In the data below, locate the line containing "Велосипед Stels Pilot 230 Lady (2017)" and the line containing "Ferroleiste MAULsolid, Edelstahl, Länge", then retype both and everything between them exactly. Pictures are not part of the copy.

> **GIVEN RECORDS**:
---

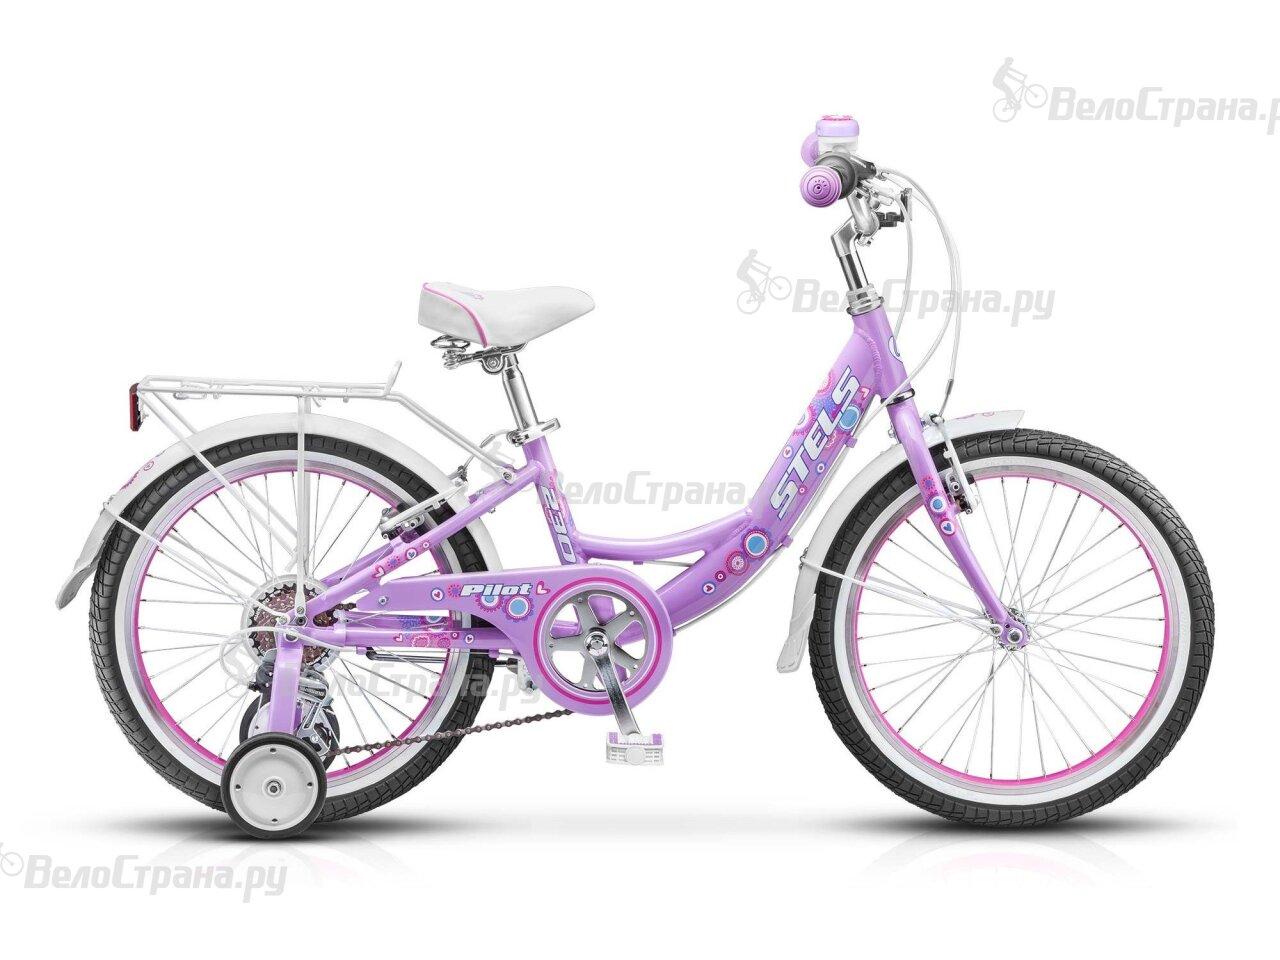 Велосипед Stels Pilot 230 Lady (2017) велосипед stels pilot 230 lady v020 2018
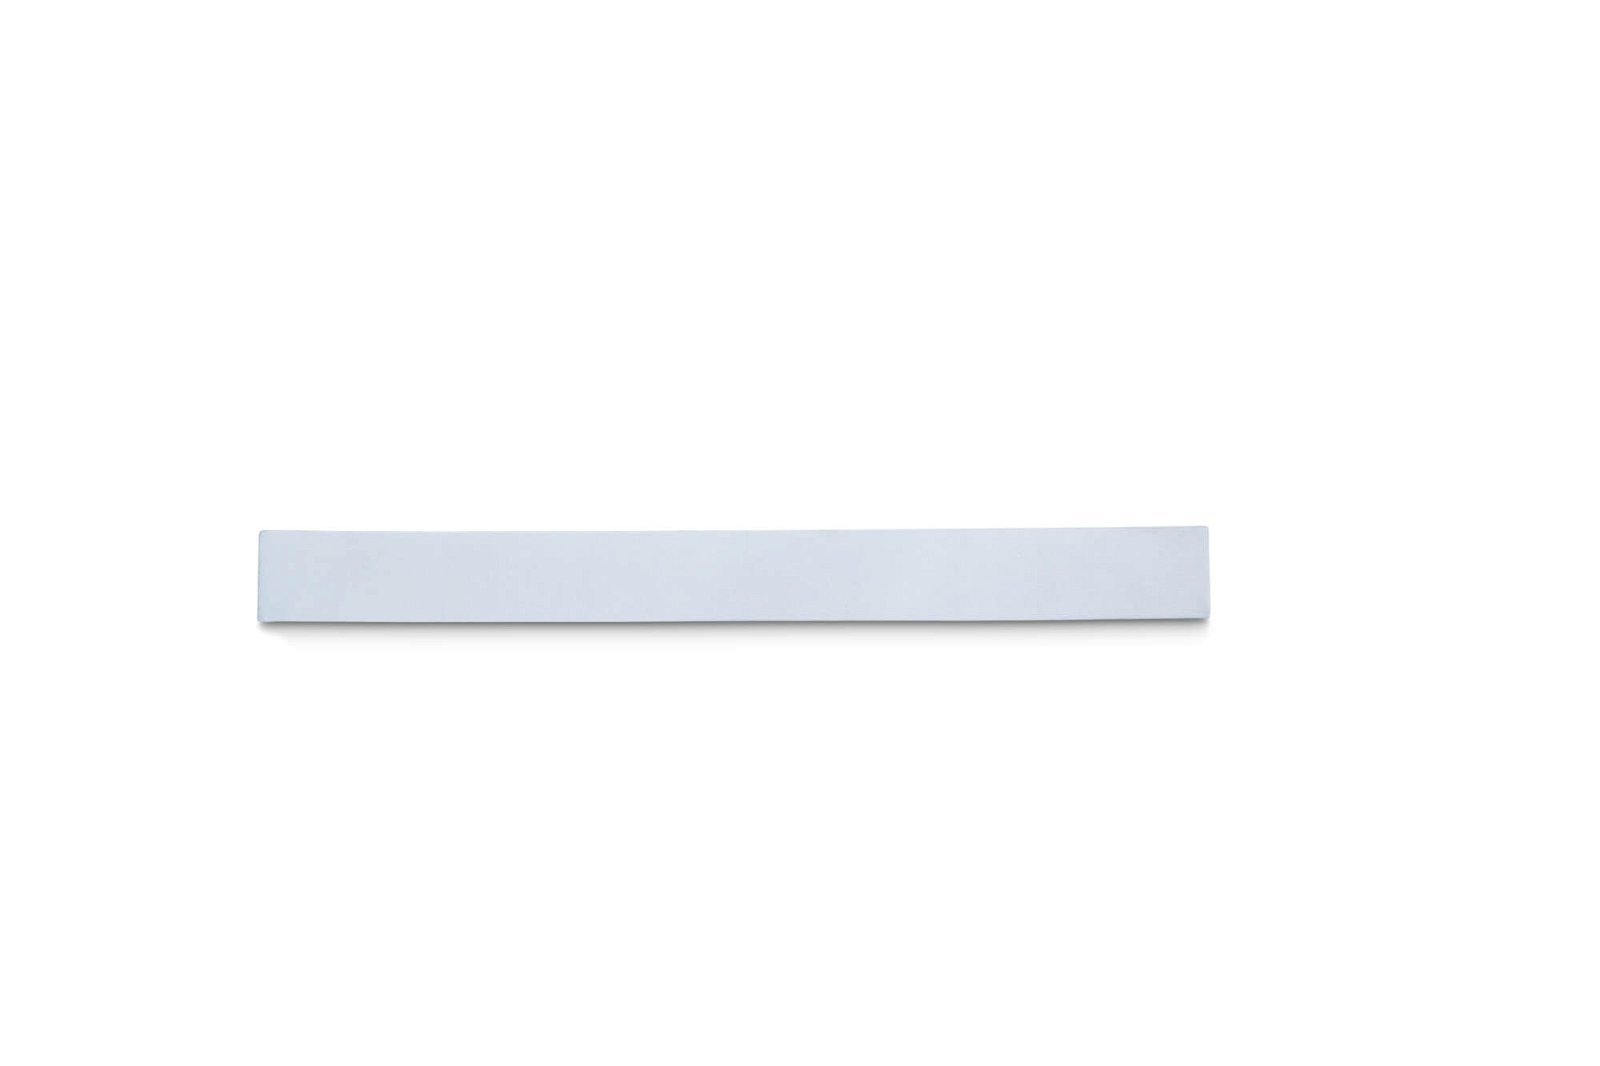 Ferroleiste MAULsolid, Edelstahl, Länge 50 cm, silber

---

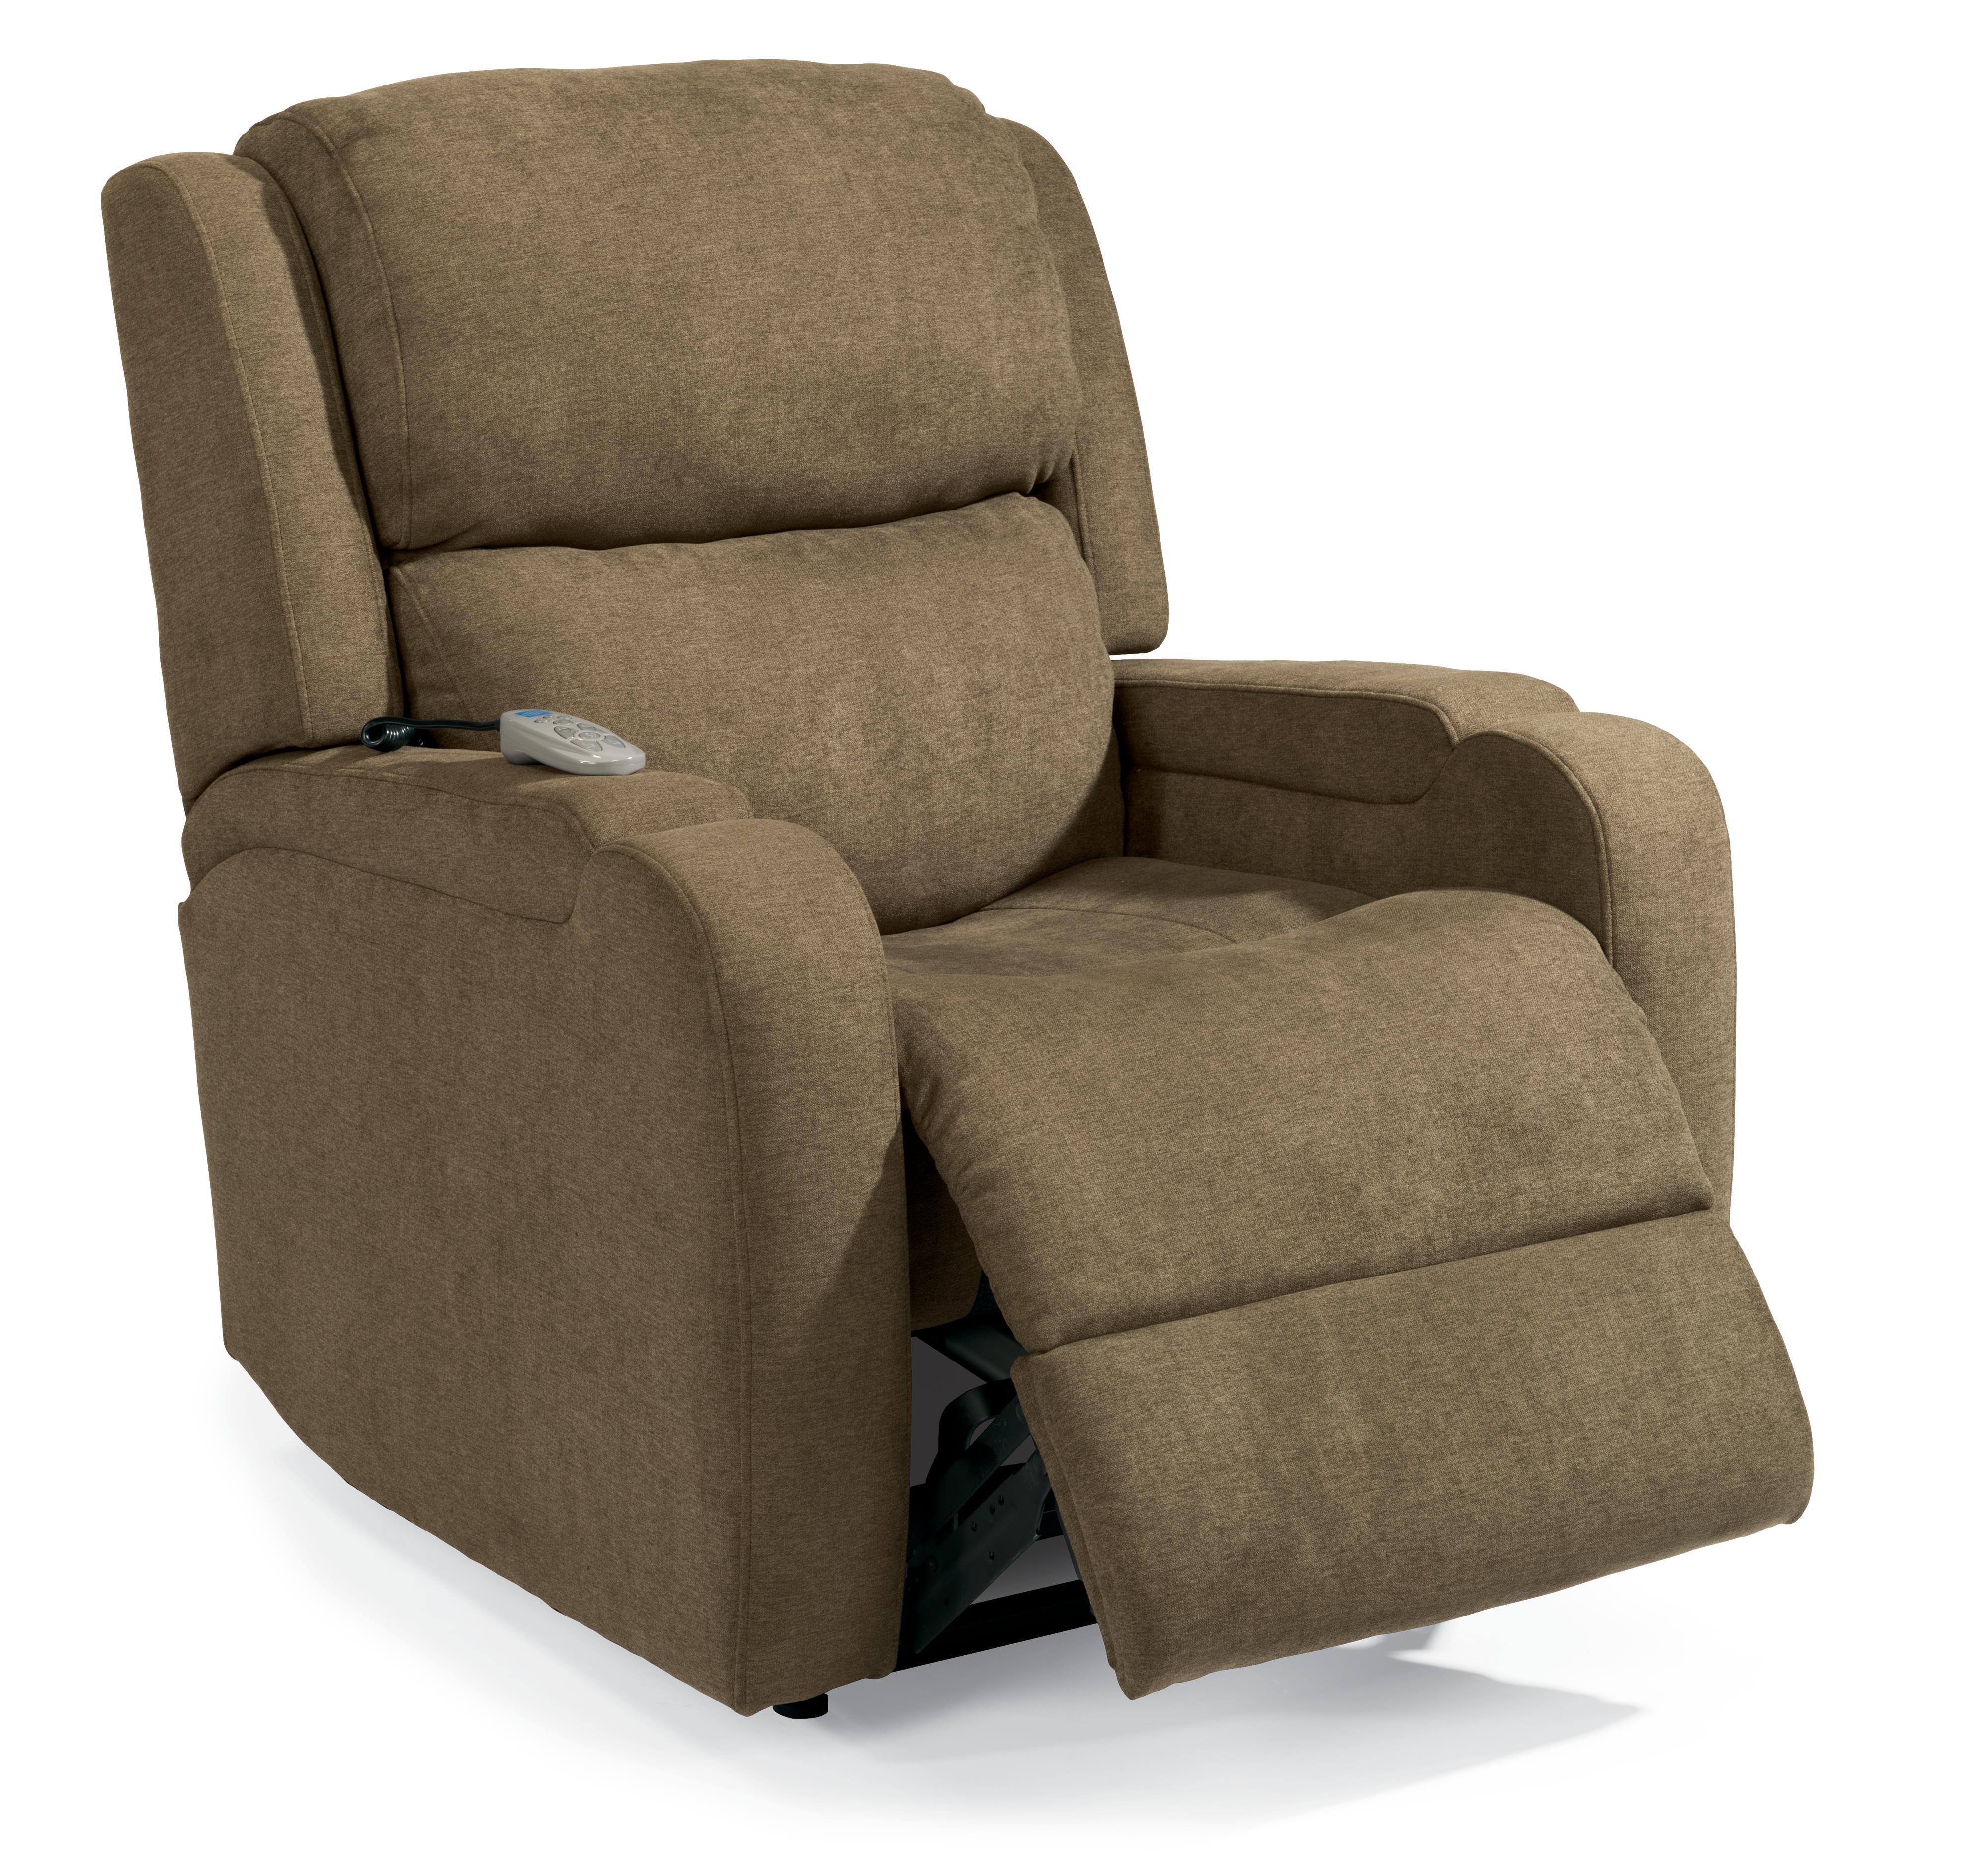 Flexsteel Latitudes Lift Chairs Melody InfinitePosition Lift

---

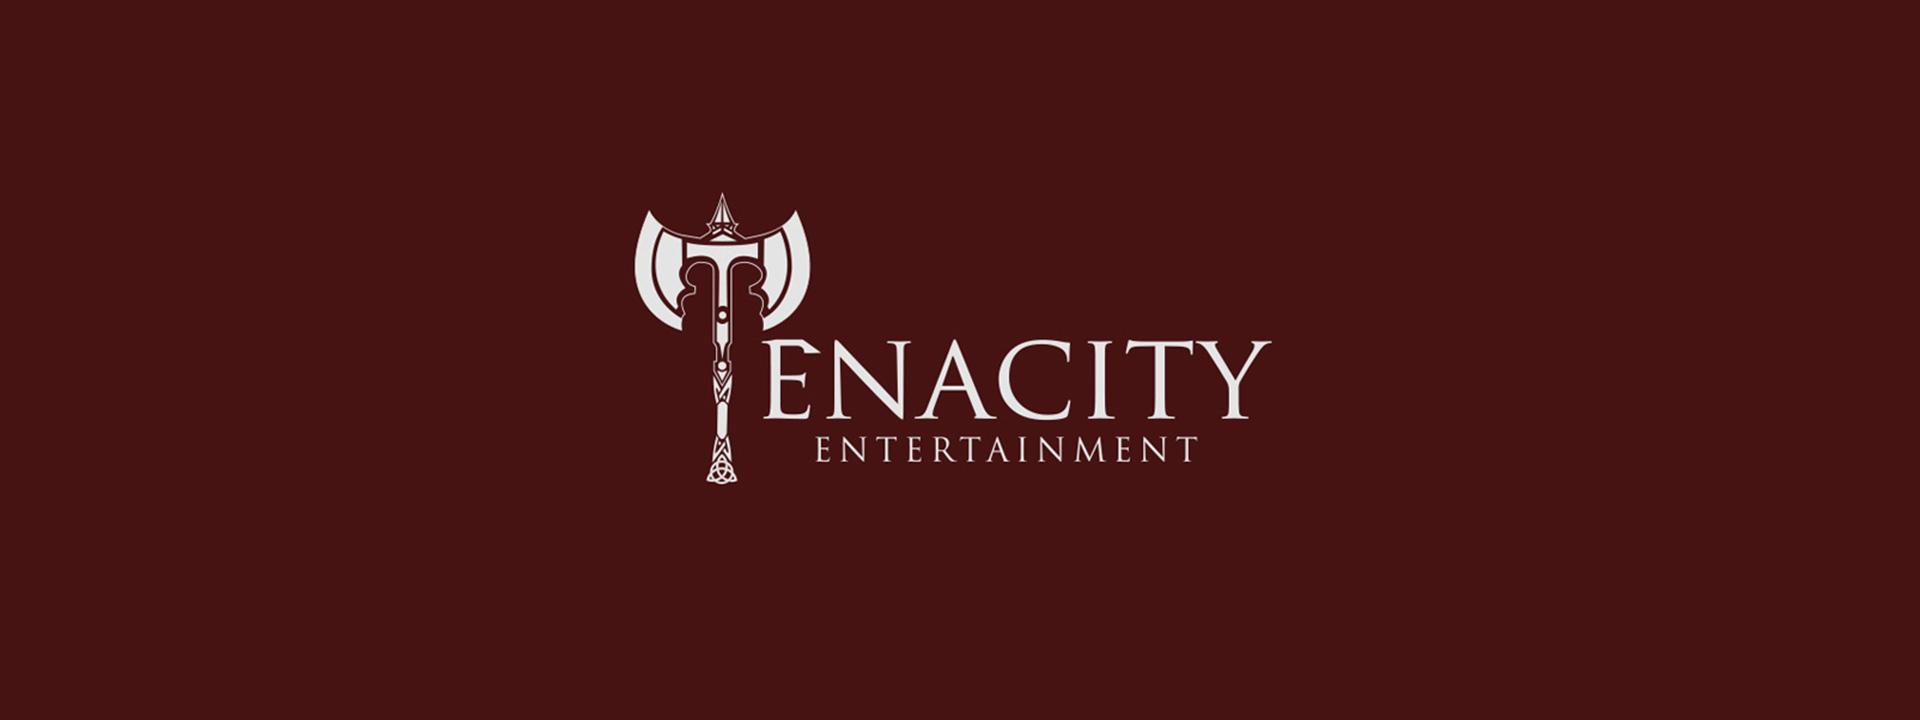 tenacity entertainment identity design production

---

> **OUTPUT FOR THIS TASK**:
 Велосипед Stels Pilot 230 Lady (2017) велосипед stels pilot 230 lady v020 2018
 Ferroleiste MAULsolid, Edelstahl, Länge 50 cm, silber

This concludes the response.